The best arguments for and against the alien visitation hypothesis

Those are the subject of my latest Bloomberg column, about 2x longer than usual, WaPo link here.  Excerpt, from the segment on arguments against:

The case against visits by aliens:

1. Alien sightings remain relatively rare.

Let’s say alien drone probes can make it here. That would imply the existence of a very advanced civilization that can span great distances and command energy with remarkable efficiency. If that’s the case, why isn’t the sky full of aliens? Why aren’t there sightings from more than just military craft?

So the question is not so much, “Why don’t we see aliens?” as, “Why don’t we see more of them?” It is a perfectly valid (and embarrassing) question. On one hand, the aliens are impressive enough to send craft here. On the other, they seem constrained by scarcity.

Are we humans like those bears filmed in the Richard Attenborough nature programs, worthy of periodic visits from drone cameras but otherwise of little interest? The reality is that bears, and indeed most other animals, see humans quite often…

3. The alien-origin hypothesis relies too much on the “argument from elimination.”

The argument from elimination is a common rhetorical tactic, but it can lead you astray. You start by listing what you think are all the possibilities and rule them out one by one: Not the Russians, not sensor error, and so on — until the only conclusion left is that they are alien visitors. As Arthur Conan Doyle’s Sherlock Holmes once said: “When you have eliminated all which is impossible, then whatever remains, however improbable, must be the truth.”

The argument from elimination works fine when there is a fixed set of possibilities, such as the murder suspects on a train. The argument is more dangerous when the menu of options is unclear in the first place. Proponents of the alien origin view spend too much time knocking down other hypotheses and not enough time making the case for the presence of aliens.

And this:

There is an argument that is often used against the alien-origin hypothesis, but in fact can be turned either way: If they are alien visitors, why don’t we have better and more definitive forms of evidence? Why is the available video evidence so hard to interpret? Why isn’t there a proverbial “smoking gun” of proof for an alien spacecraft?

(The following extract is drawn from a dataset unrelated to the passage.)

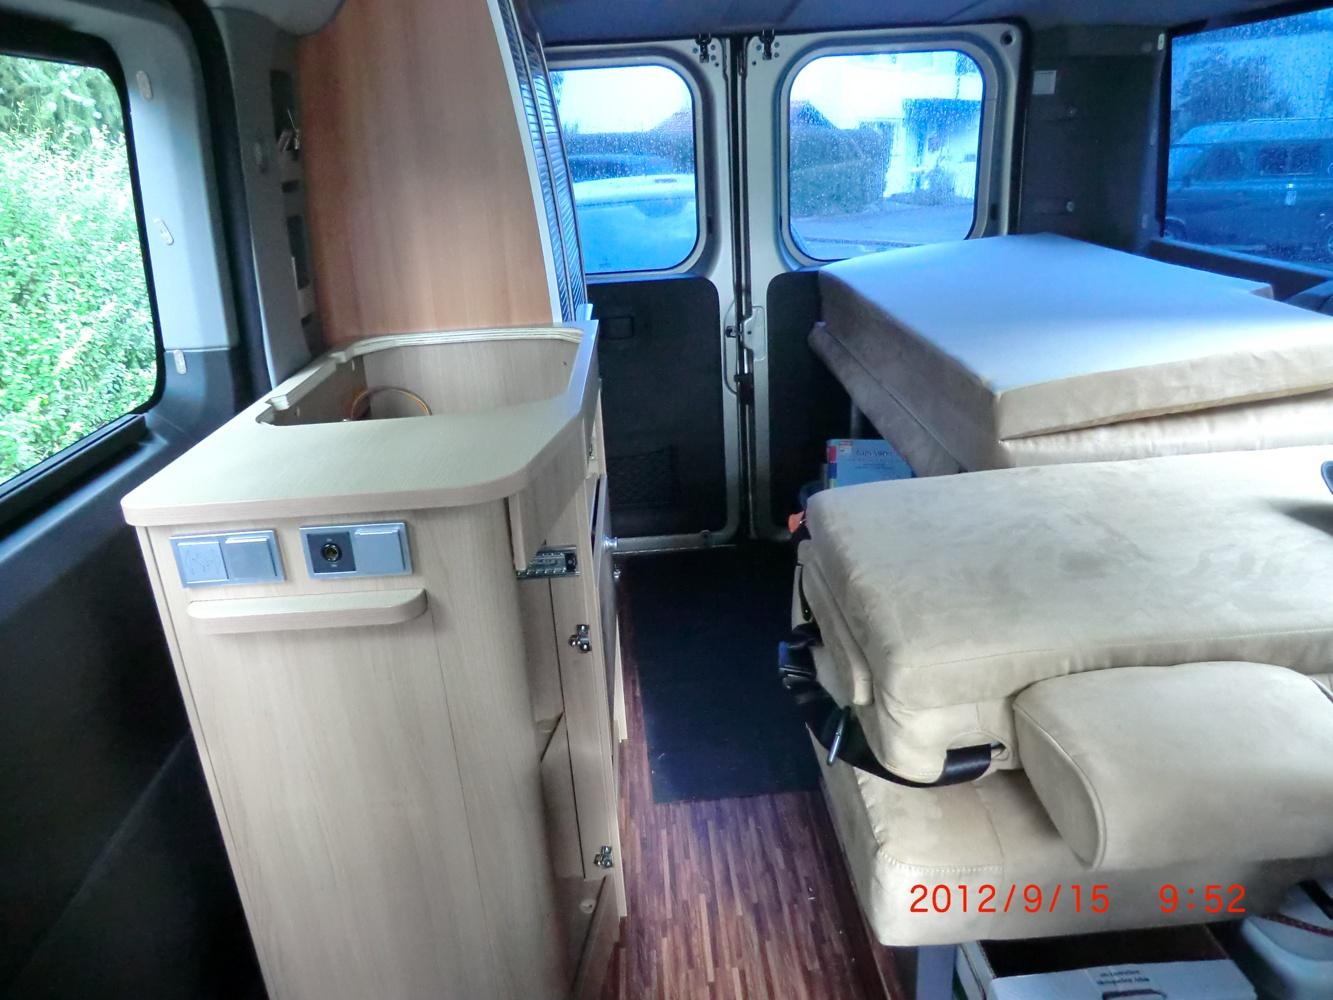 location fourgon aménagé - zorneding - hymer car 302 2011 | yescapa

This particular counter isn’t entirely convincing. First, the best evidence may be contained in the still-classified materials. Second, the same question can be used against non-alien hypotheses. If the sensor readings were just storms or some other mundane phenomena, surely that would become increasingly obvious over time with better satellite imaging.

The continued, ongoing and indeed intensifying mystery of the sightings seems to militate in favor of a truly unusual explanation. It will favor both the alien-visitation and the religious-miracle hypotheses. If it really were a flock of errant birds, combined with some sensor errors, we would know by now.